# magazine feeding problems with my M&P



## rvl8 (Jun 4, 2008)

I was doing some shooting yesterday, white box winchester .40's 165g
each time I would shoot nine shots, and slide lock. I would eject the magazine and one round would remain in the magazine. I thought this was a fluke but it happened three more times in the same day. Also once, upon re-inserting the magazine, the slide released on it's own... this gun is only a few weeks ago, less then 5 magazines through it. its the compact version. This problem happened with both the flat-bottomed magazine and the pinkie grip magazine.


----------



## Baldy (Jun 21, 2006)

I would call S&W and see what they say. If you have to ship it back to the factory they will pay for it. Good luck.

How can I get my S&W handgun repaired? 
Please contact our Customer Support Center for instructions on how to return your handgun for repair: 1-800-331-0852 (Inside USA) 8:00 a.m. to 8:00 p.m. Eastern Standard Time (Monday - Friday).

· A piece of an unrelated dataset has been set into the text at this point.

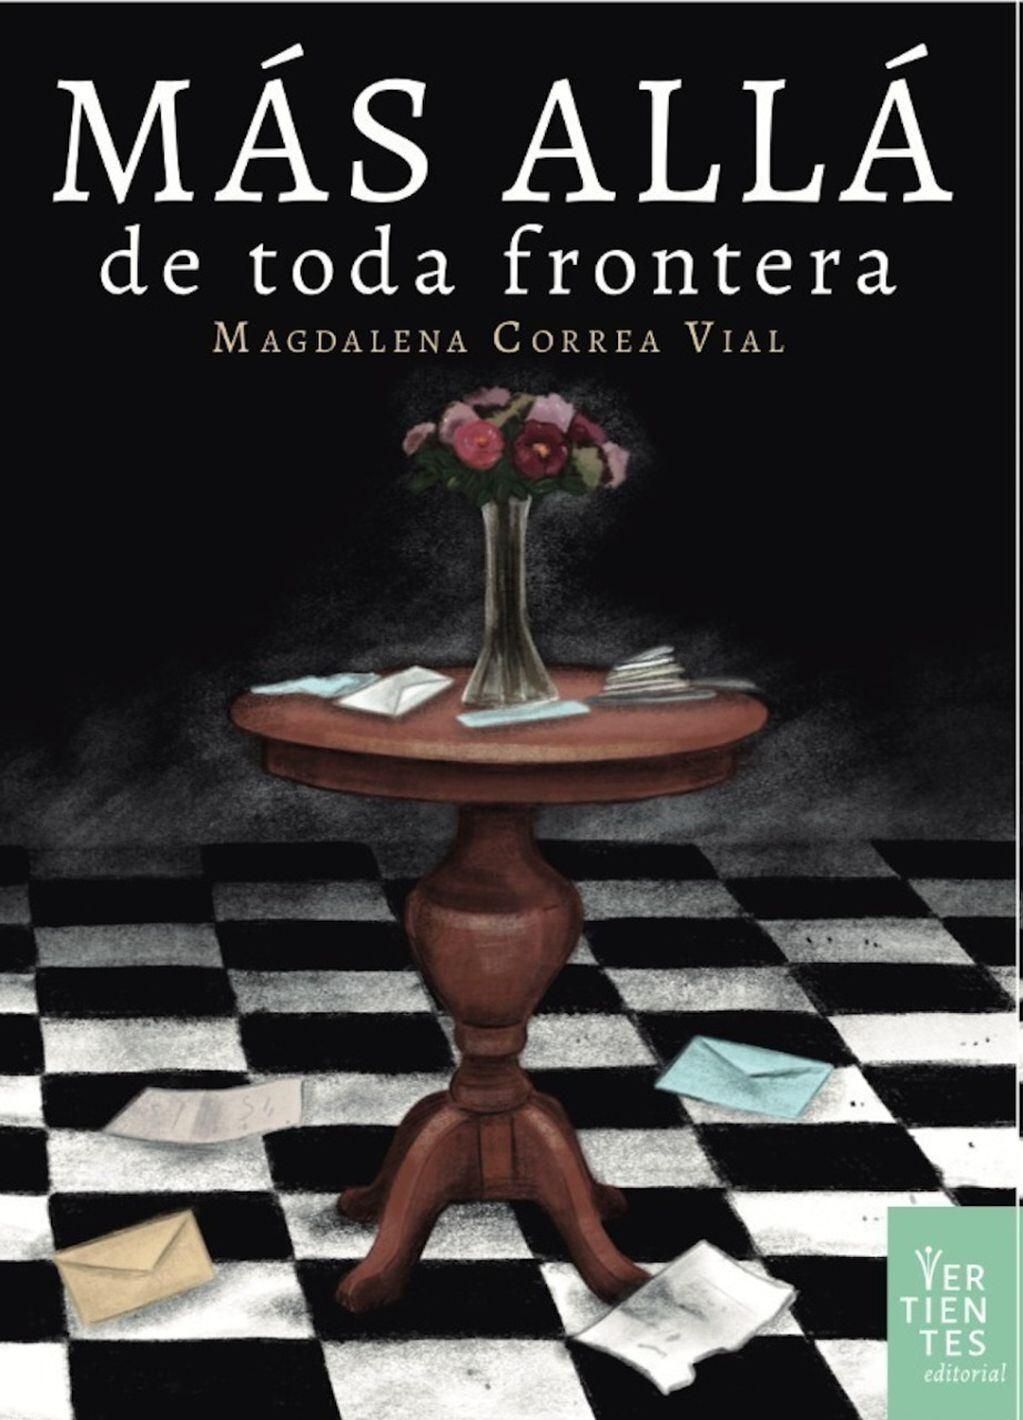 El arte de tapa del libro que presenta Maida Correa Vial.

Customers outside the USA may contact the International Warranty Service Center nearest you.


----------



## rvl8 (Jun 4, 2008)

called today, they're sending me a box to ship it out in. that was easy. a little too easy maybe. hopefully they'll fix it. researched this problem a bit and found its pretty common.


----------



## junkyardog (Feb 9, 2008)

Ditto here with my 40c. Just got it back from smith with a note saying barrel modification done. Haven't been to the range yet to check it out, just hope it is fixed, I don't like putting my guns in a box to ship away. And that is a bit unnerving to slap a mag in and have the slide release on its own.


----------



## rvl8 (Jun 4, 2008)

exactly. I spoke to the guy that gave me the NRA course, he's telling me I should get a 9mm for my first gun. He says with the correct defensive ammunition it can still have " stopping power " the .40 in this compact is pretty jumpy. I wonder if its possible to change the uppers out for a 9mm ? and new magazines. the trigger is a bit strange on this gun. I dont like that hinge


----------



## scorpiusdeus (Feb 7, 2007)

I just shot the M&P .40c Saturday and it did not feel jumpy at all to me. What impressed me most is how accurate it is.


----------



## rvl8 (Jun 4, 2008)

that's cool. mine was a complete animal, however. got a glock 26.:smt023


----------